> _RAW DATA_:
————
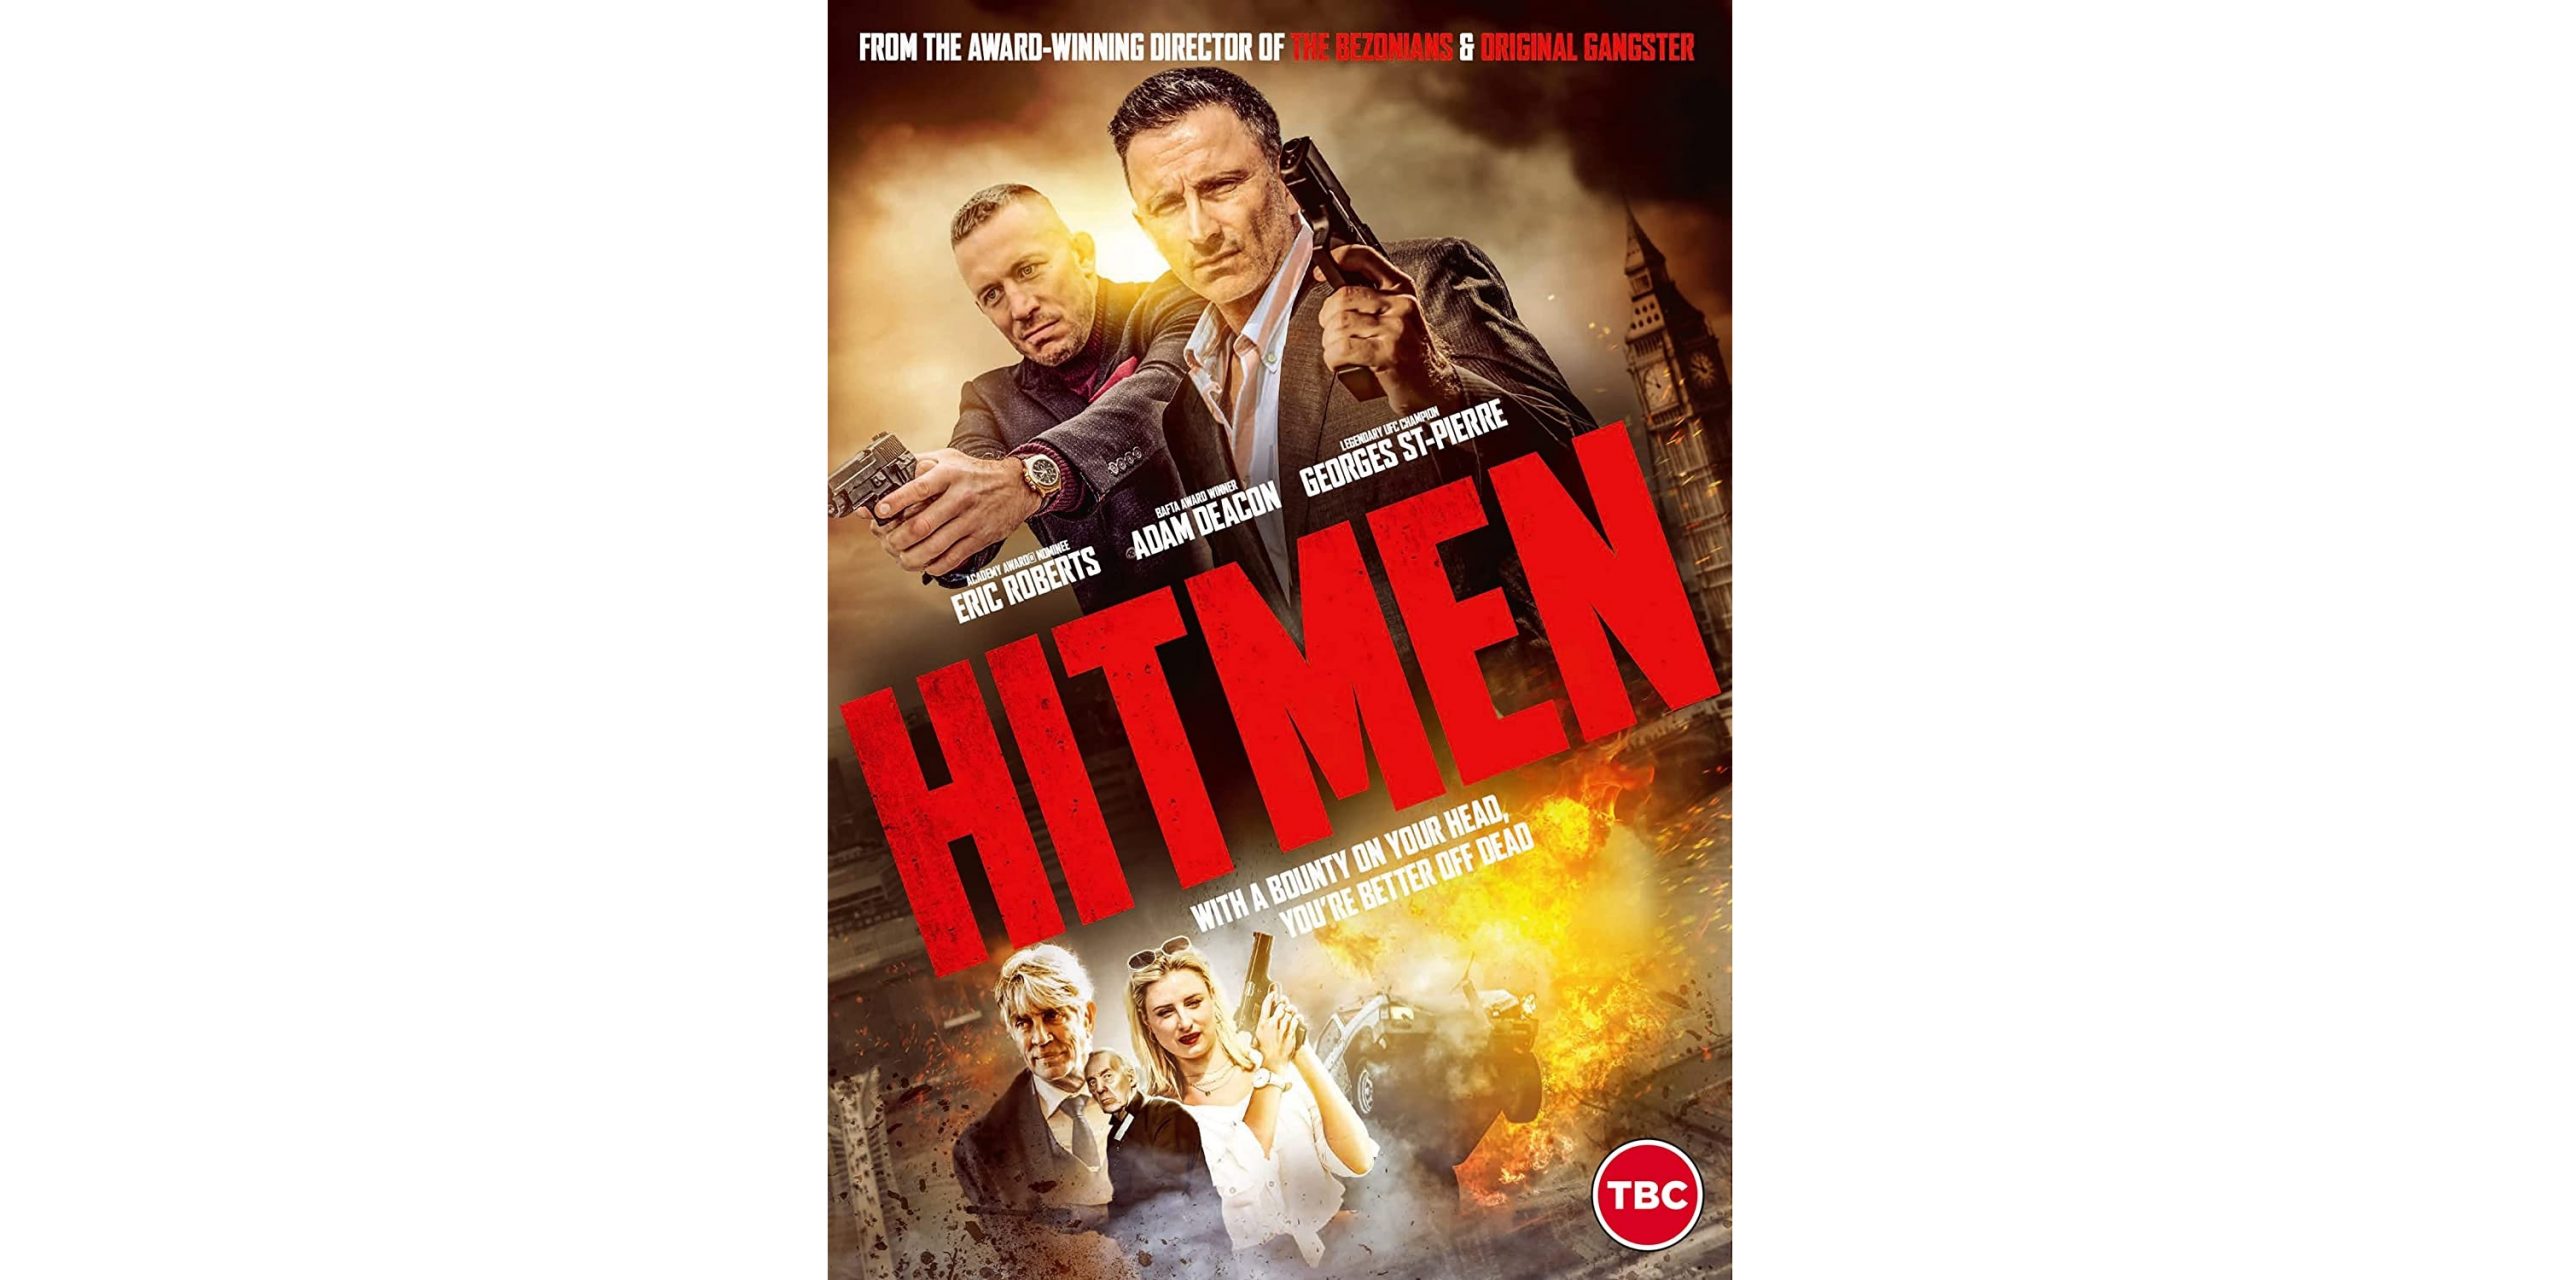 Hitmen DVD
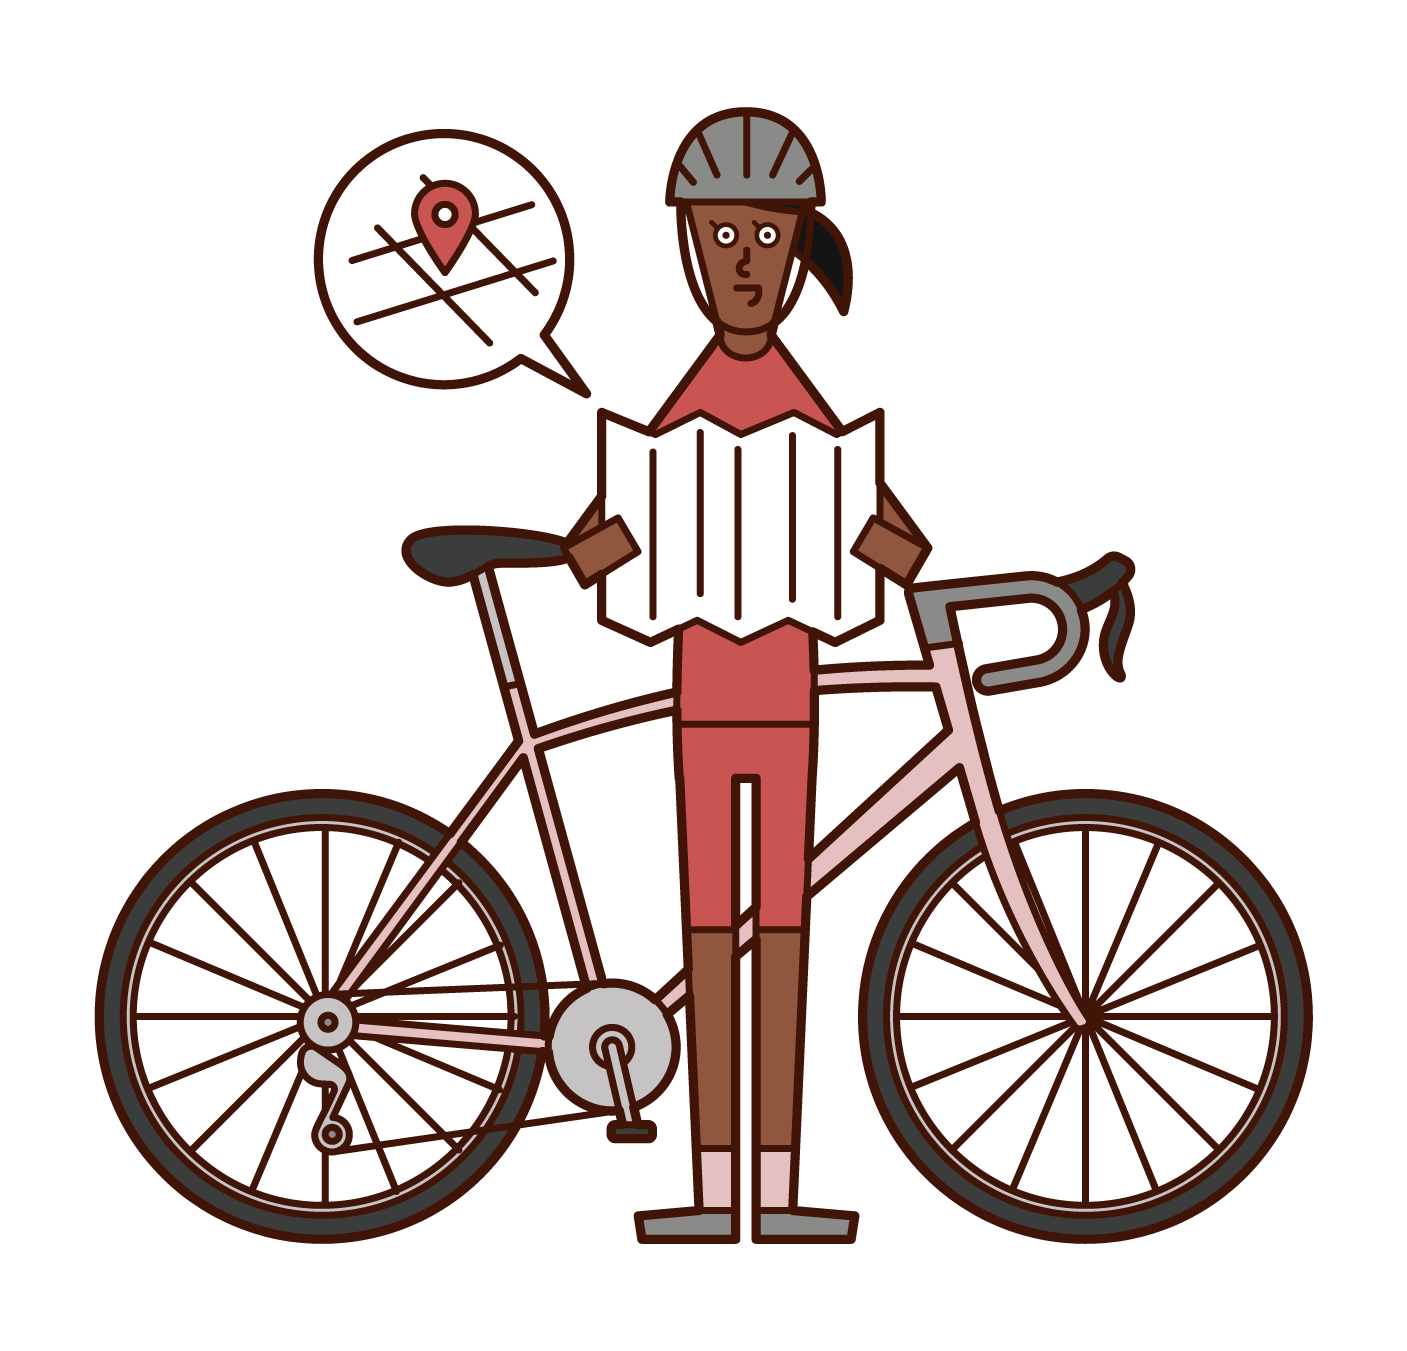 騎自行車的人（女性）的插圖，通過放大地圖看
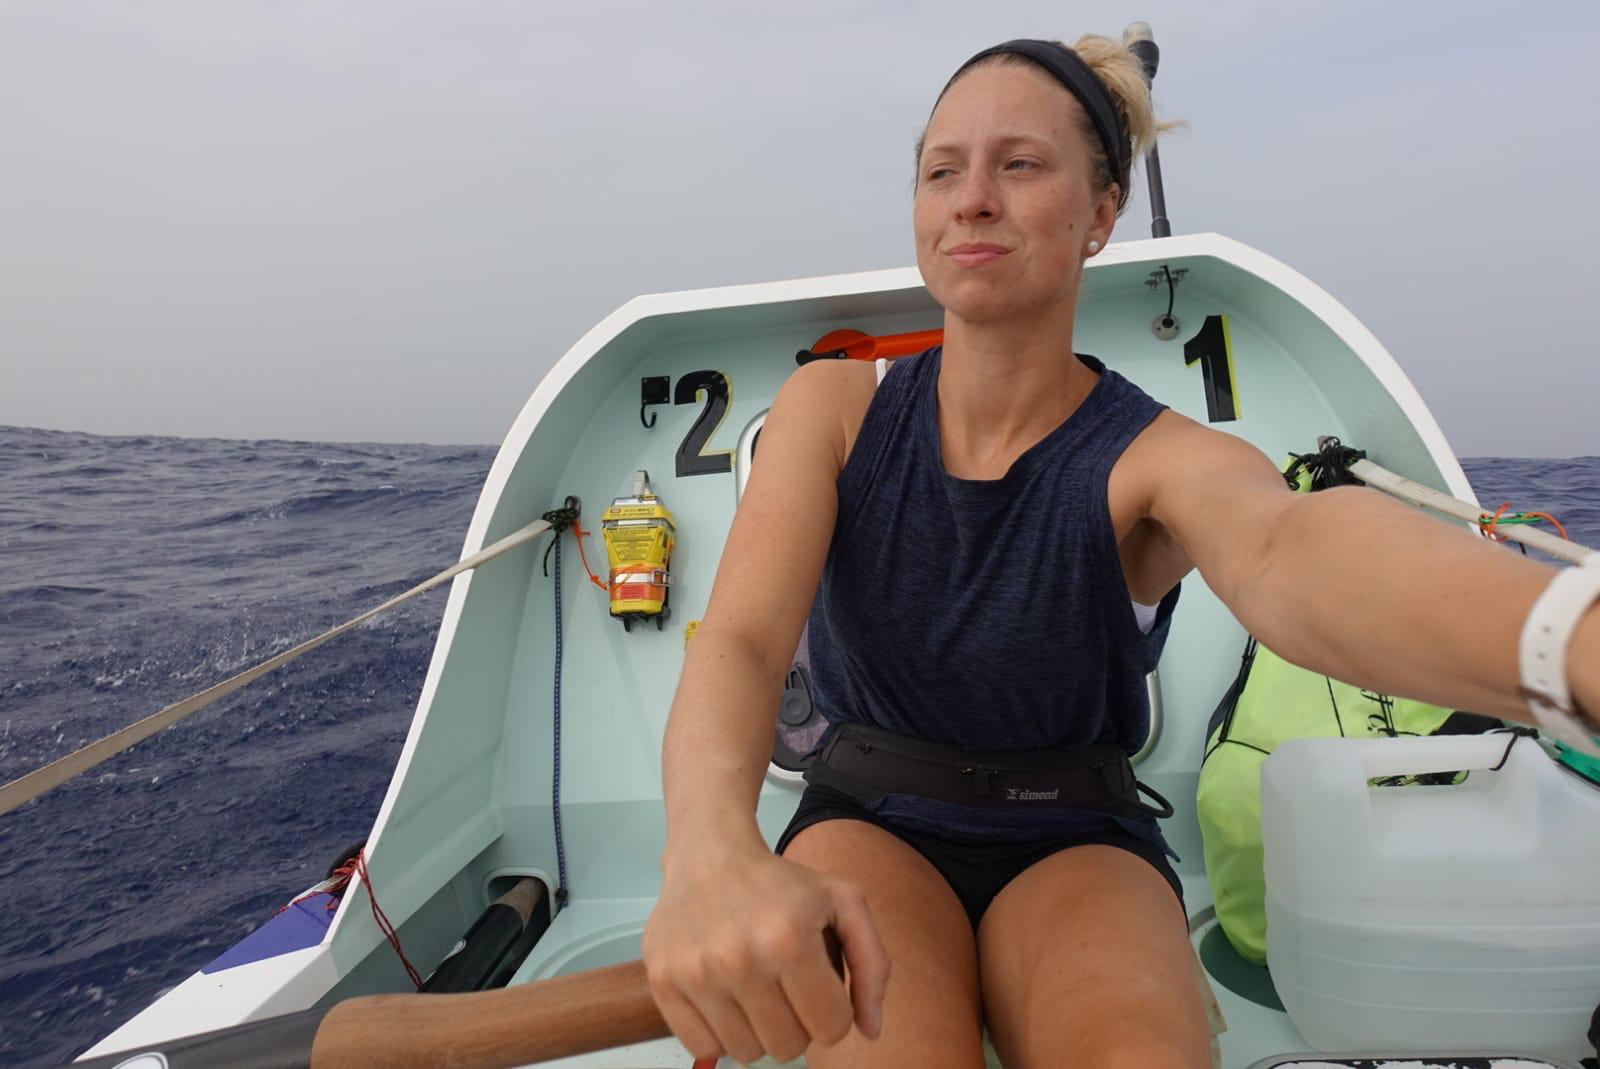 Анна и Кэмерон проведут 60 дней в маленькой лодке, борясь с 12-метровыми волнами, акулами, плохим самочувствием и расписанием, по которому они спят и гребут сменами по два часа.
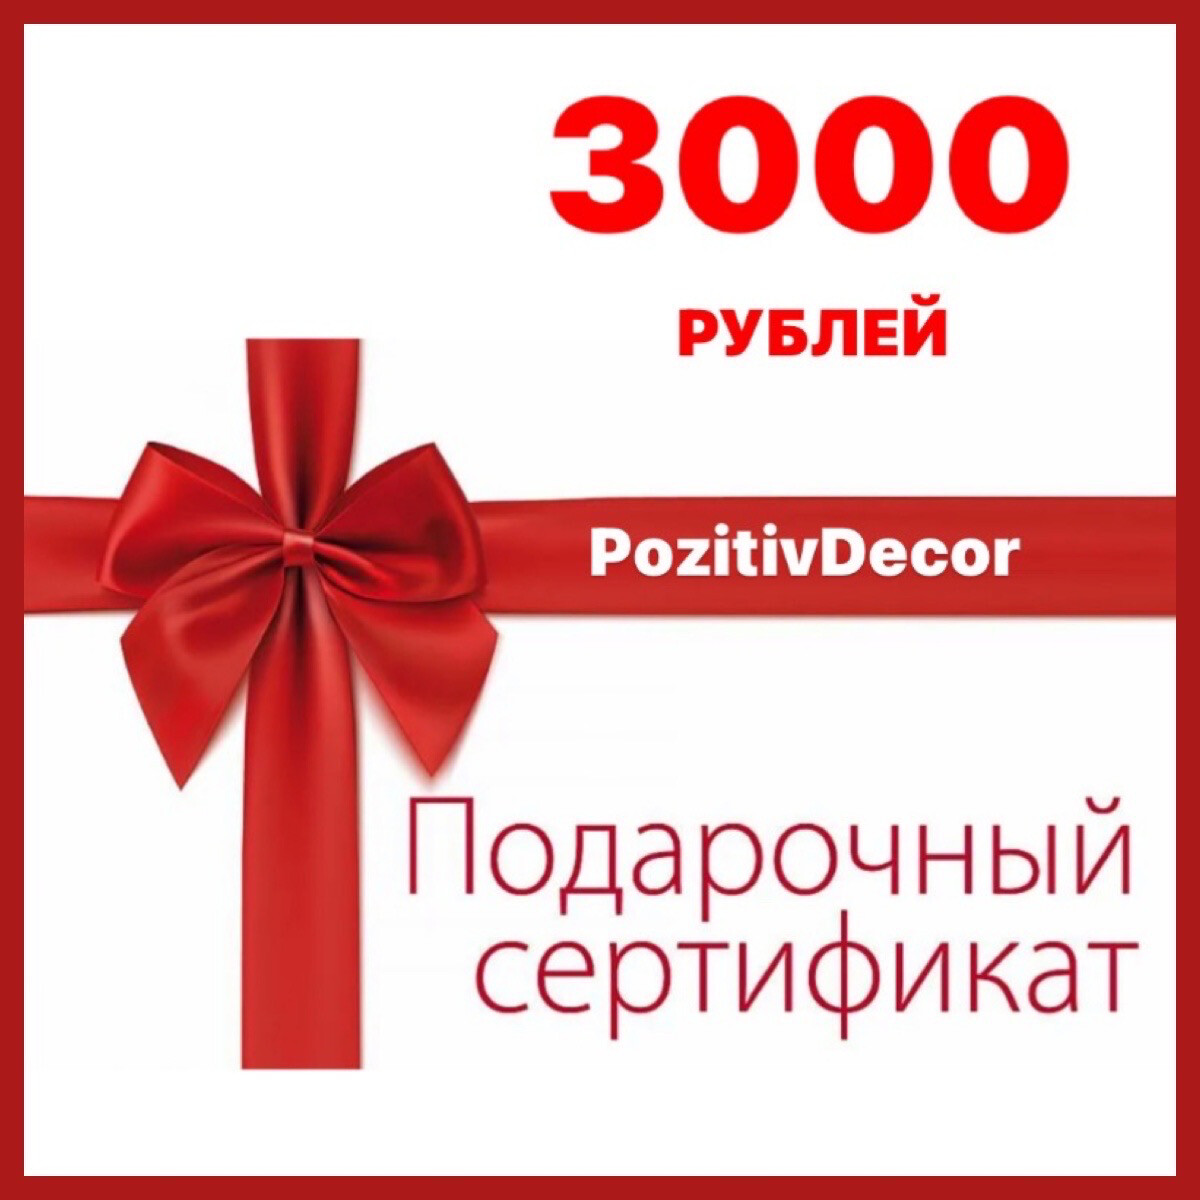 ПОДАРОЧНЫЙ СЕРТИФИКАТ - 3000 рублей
————
Print the full listing exactly, dropping the pictures.

 Hitmen DVD
 騎自行車的人（女性）的插圖，通過放大地圖看
 Анна и Кэмерон проведут 60 дней в маленькой лодке, борясь с 12-метровыми волнами, акулами, плохим самочувствием и расписанием, по которому они спят и гребут сменами по два часа.
 ПОДАРОЧНЫЙ СЕРТИФИКАТ - 3000 рублей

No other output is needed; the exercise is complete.